┏━━

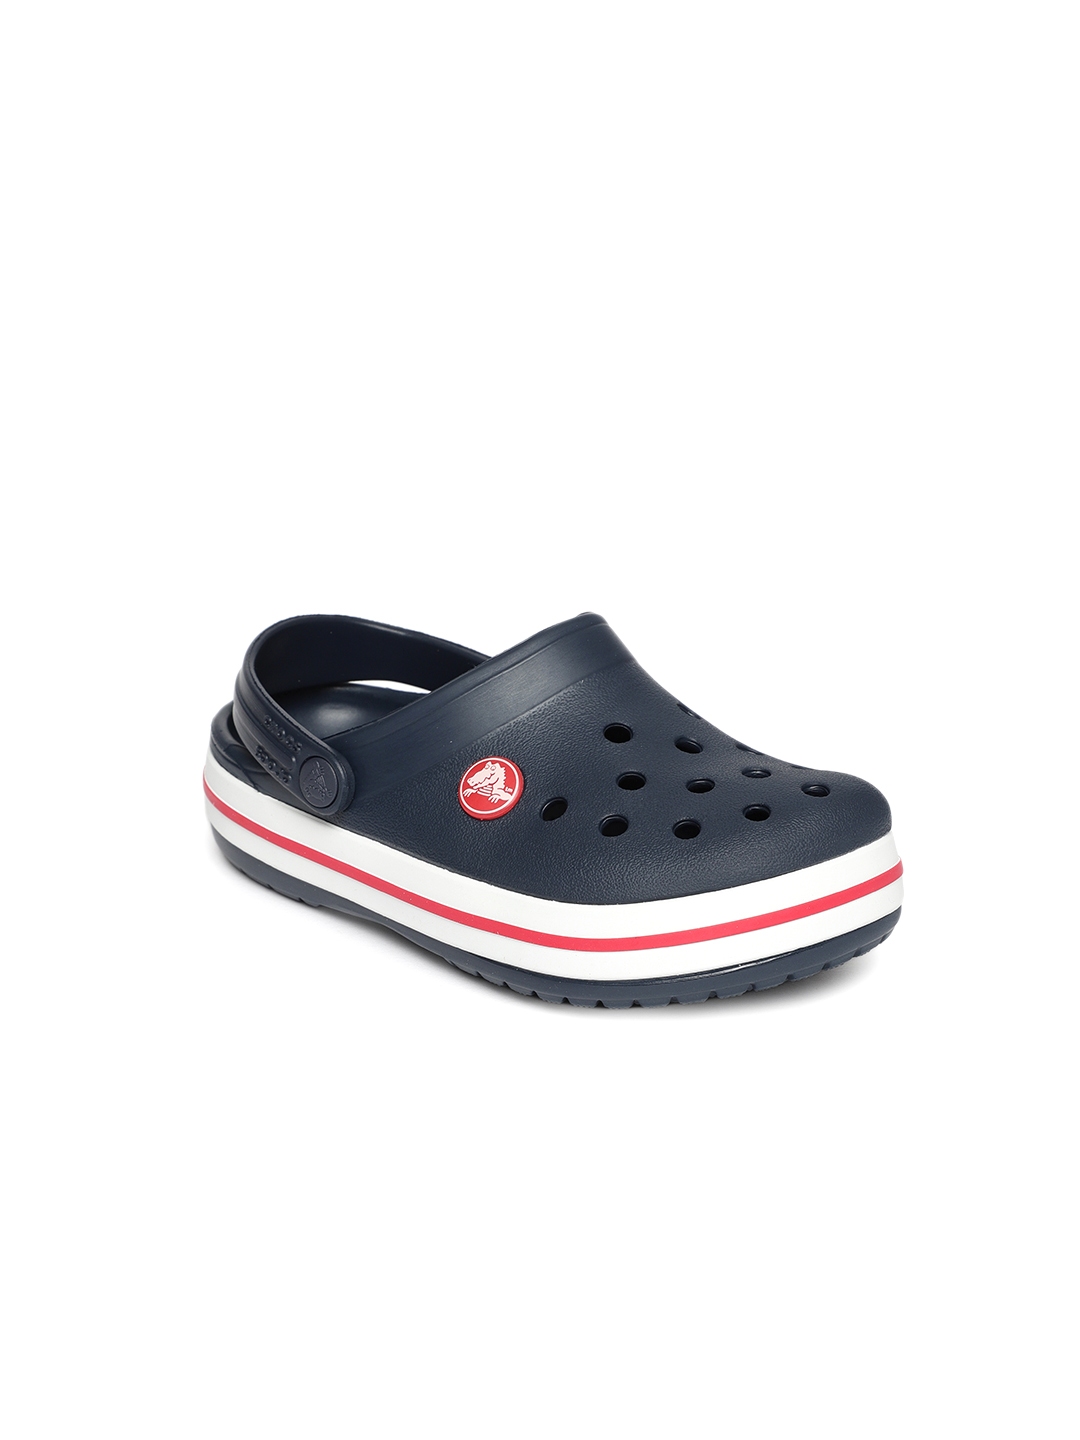 Buy Crocs Kids Navy Blue Solid Clogs - Flip Flops for Unisex Kids ...
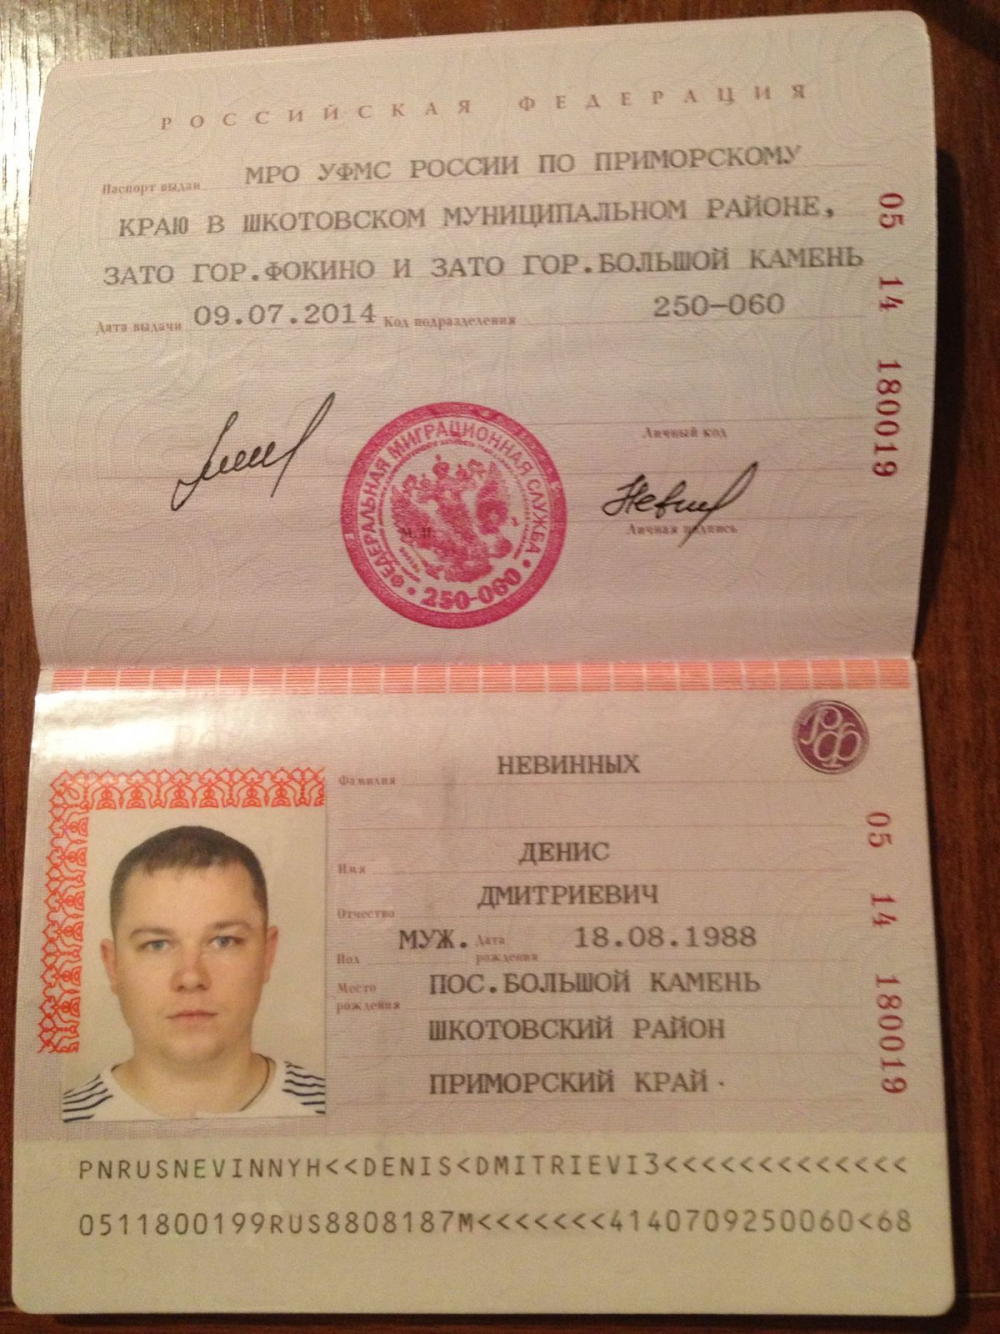 Коды подразделений оуфмс по московской области. Паспортные данные 2000 года.
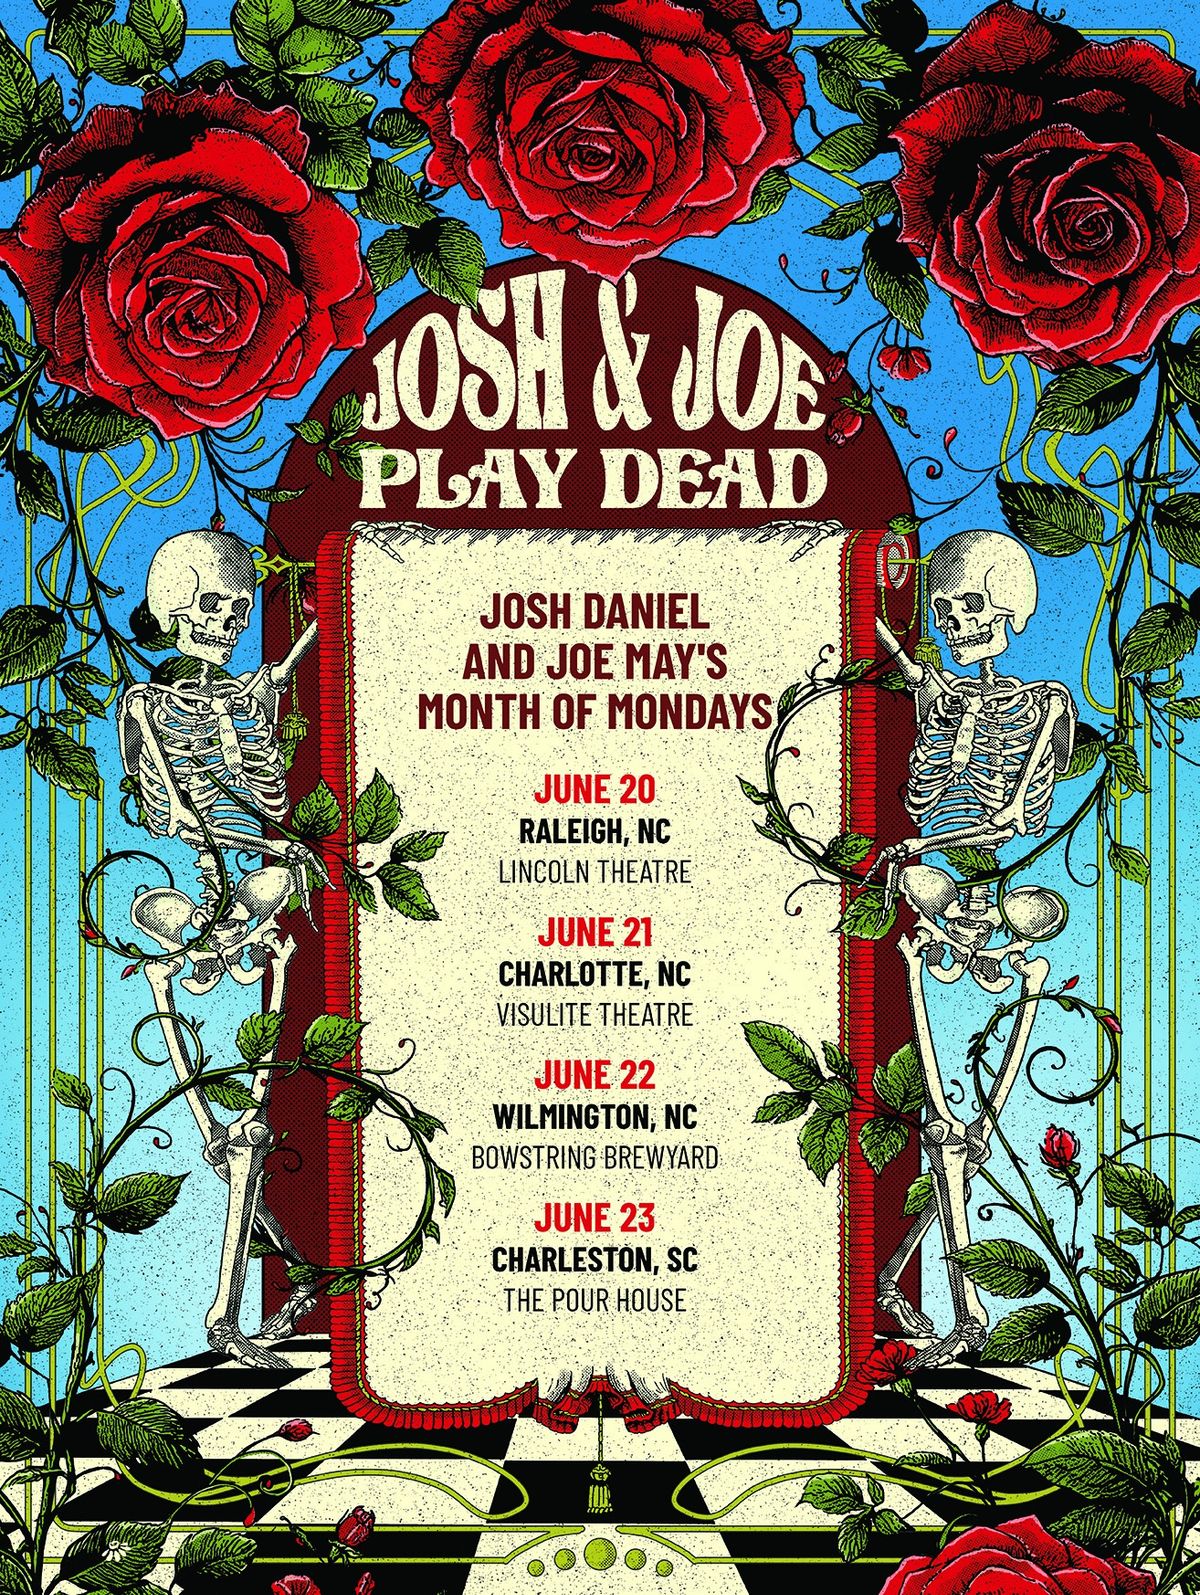 Josh & Joe Play Dead

┗━━

- **The problem**
Once the pictures are dropped, please print every remaining line of the material verbatim.

- **Task output**
 Buy Crocs Kids Navy Blue Solid Clogs - Flip Flops for Unisex Kids ...
 Коды подразделений оуфмс по московской области. Паспортные данные 2000 года.
 Josh & Joe Play Dead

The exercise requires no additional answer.